At any metric space, find a formula that gives the measure of the union of $n$ measurable sets, not necessary disjoint.

If the sets are disjoint the measure of the union is $$\mu \left ( \cup_{n=1}^{\infty} A_n \right)=\sum_{n=1}^{\infty}\mu(A_n)$$ right??

And when the sets are not disjoint the $=$ gets $\leq$.

Is this the formula that I am asked to find?? (Wondering)

 

[Evgeny.Makarov]

At any metric space, find a formula that gives the measure of the union of $n$ measurable sets, not necessary disjoint.

One option is
\[
\mu\left(\bigcup_{i=1}^n A_i\right)=\sum_{i=1}^n\mu\left(A_i\setminus\bigcup_{k=1}^{i-1}A_k\right).
\]

 

[Euge]

Since you are asked to find a formula, you must give an equation, not an inequality. I'll write down the formula, and leave it to you to prove it.

Let $A_1,\ldots, A_n$ be $n$ measurable sets. Then

$$ \mu(\bigcup_{j = 1}^n A_j) = \sum_{j = 1}^k \mu(A_j) -\sum_{1\le j_1 < j_2 \le n} \mu(A_{j_1} \cap A_{j_2}) +\sum_{1 \le j_1 < j_2 < j_3 \le n}\mu(A_{j_1} \cap A_{j_2} \cap A_{j_3}) - \cdots + (-1)^{n-1} \mu(\bigcap_{j = 1}^n A_j)$$

 

[mathmari]

One option is
\[
\mu\left(\bigcup_{i=1}^n A_i\right)=\sum_{i=1}^n\mu\left(A_i\setminus\bigcup_{k=1}^{i-1}A_k\right).
\]

Since you are asked to find a formula, you must give an equation, not an inequality. I'll write down the formula, and leave it to you to prove it.

Let $A_1,\ldots, A_n$ be $n$ measurable sets.

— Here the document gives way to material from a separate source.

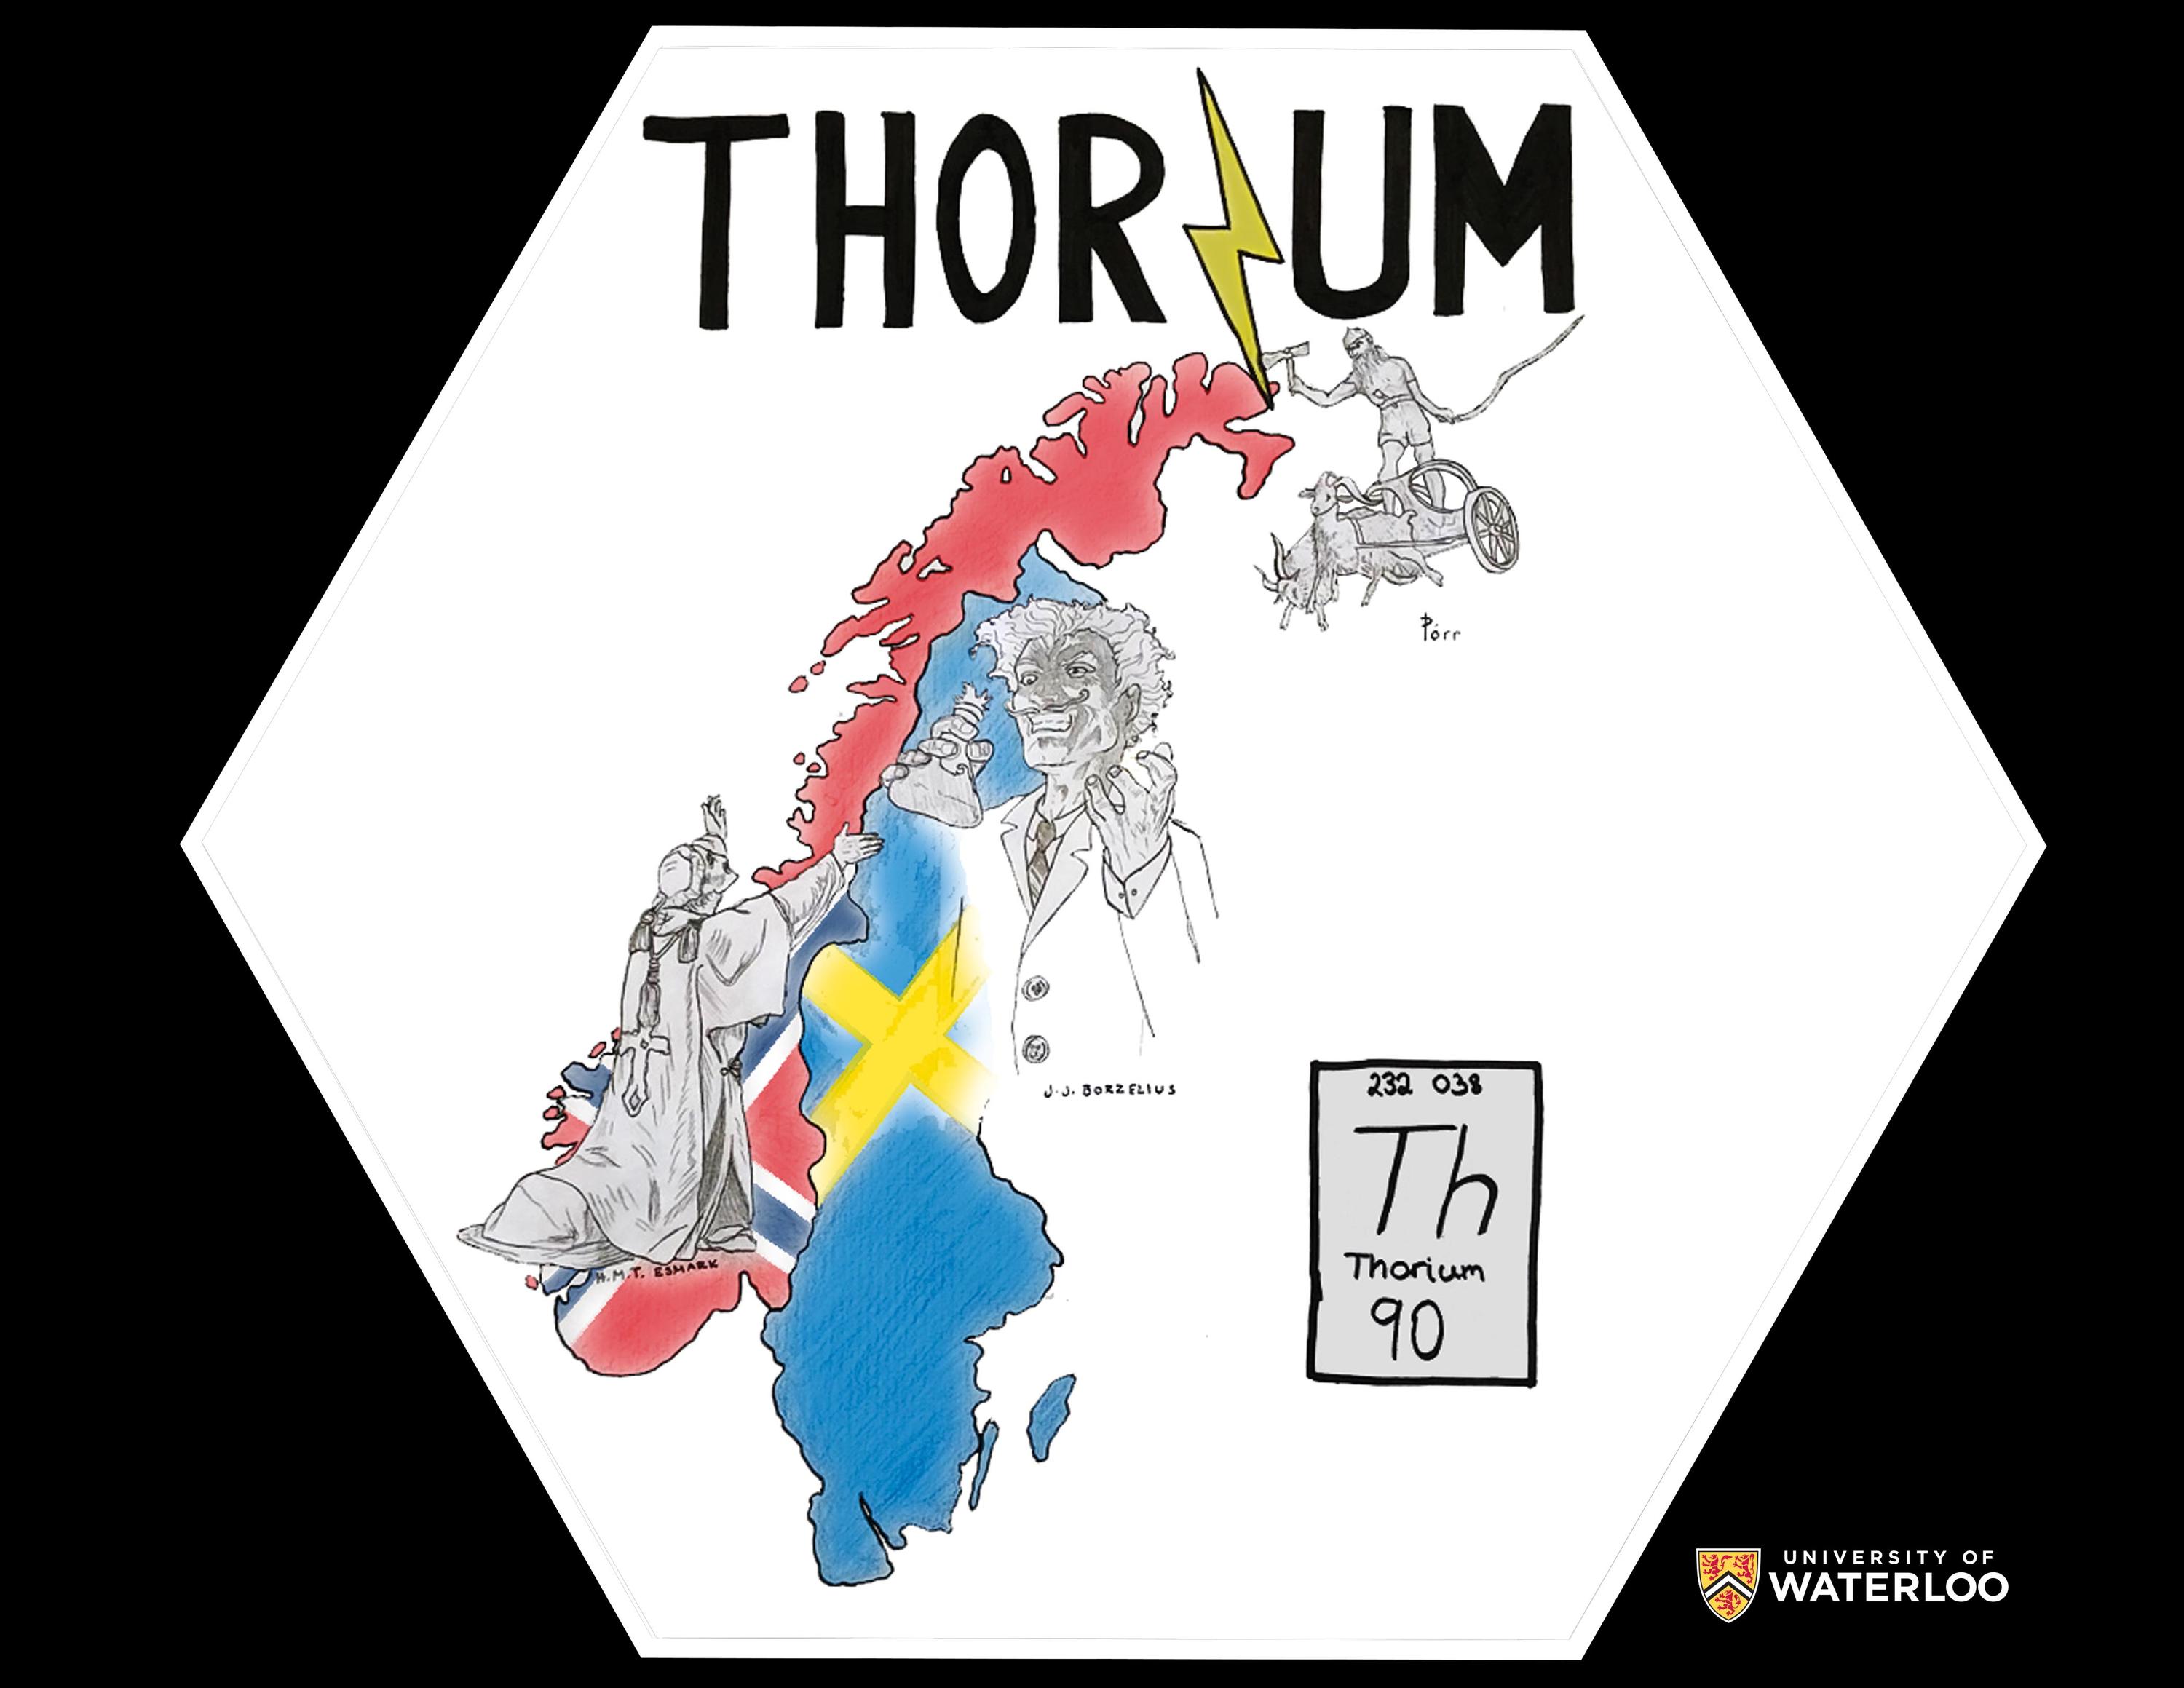 Thorium, 90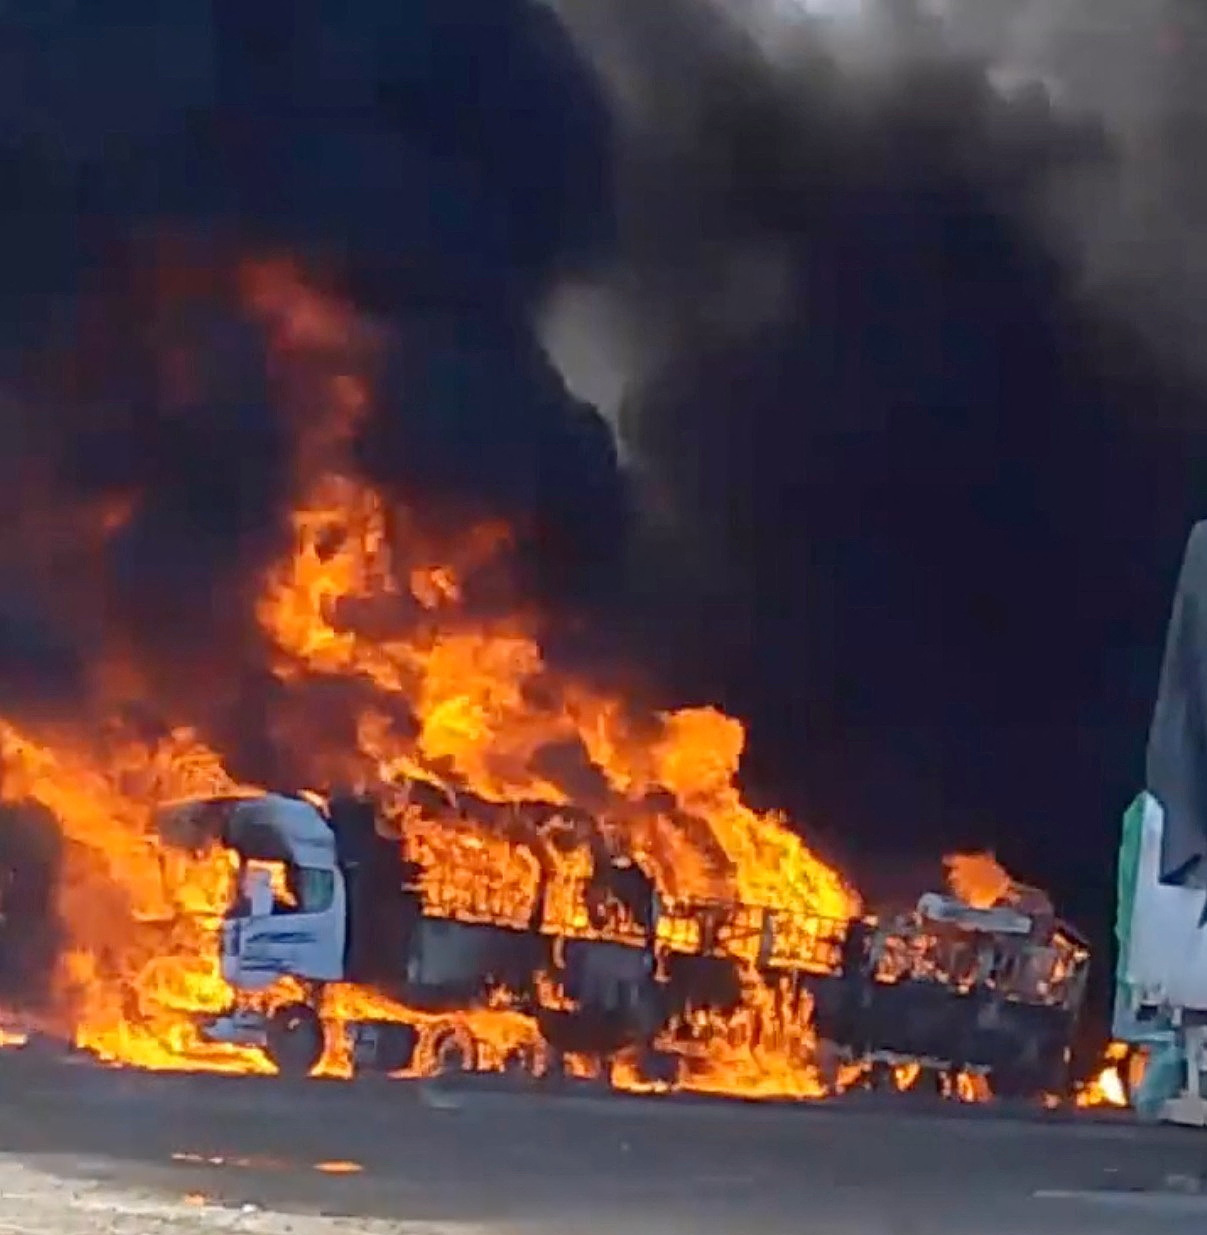 Xe tải bị đốt cháy tại cửa khẩu Kyinsankyawt thuộc bang Shan, khu vực biên giới Myanmar - Trung Quốc ngày 23/11. Ảnh: Reuters

Then

$$ \mu(\bigcup_{j = 1}^n A_j) = \sum_{j = 1}^k \mu(A_j) -\sum_{1\le j_1 < j_2 \le n} \mu(A_{j_1} \cap A_{j_2}) +\sum_{1 \le j_1 < j_2 < j_3 \le n}\mu(A_{j_1} \cap A_{j_2} \cap A_{j_3}) - \cdots + (-1)^{n-1} \mu(\bigcap_{j = 1}^n A_j)$$

I understand! Thank you both very much! (Sun)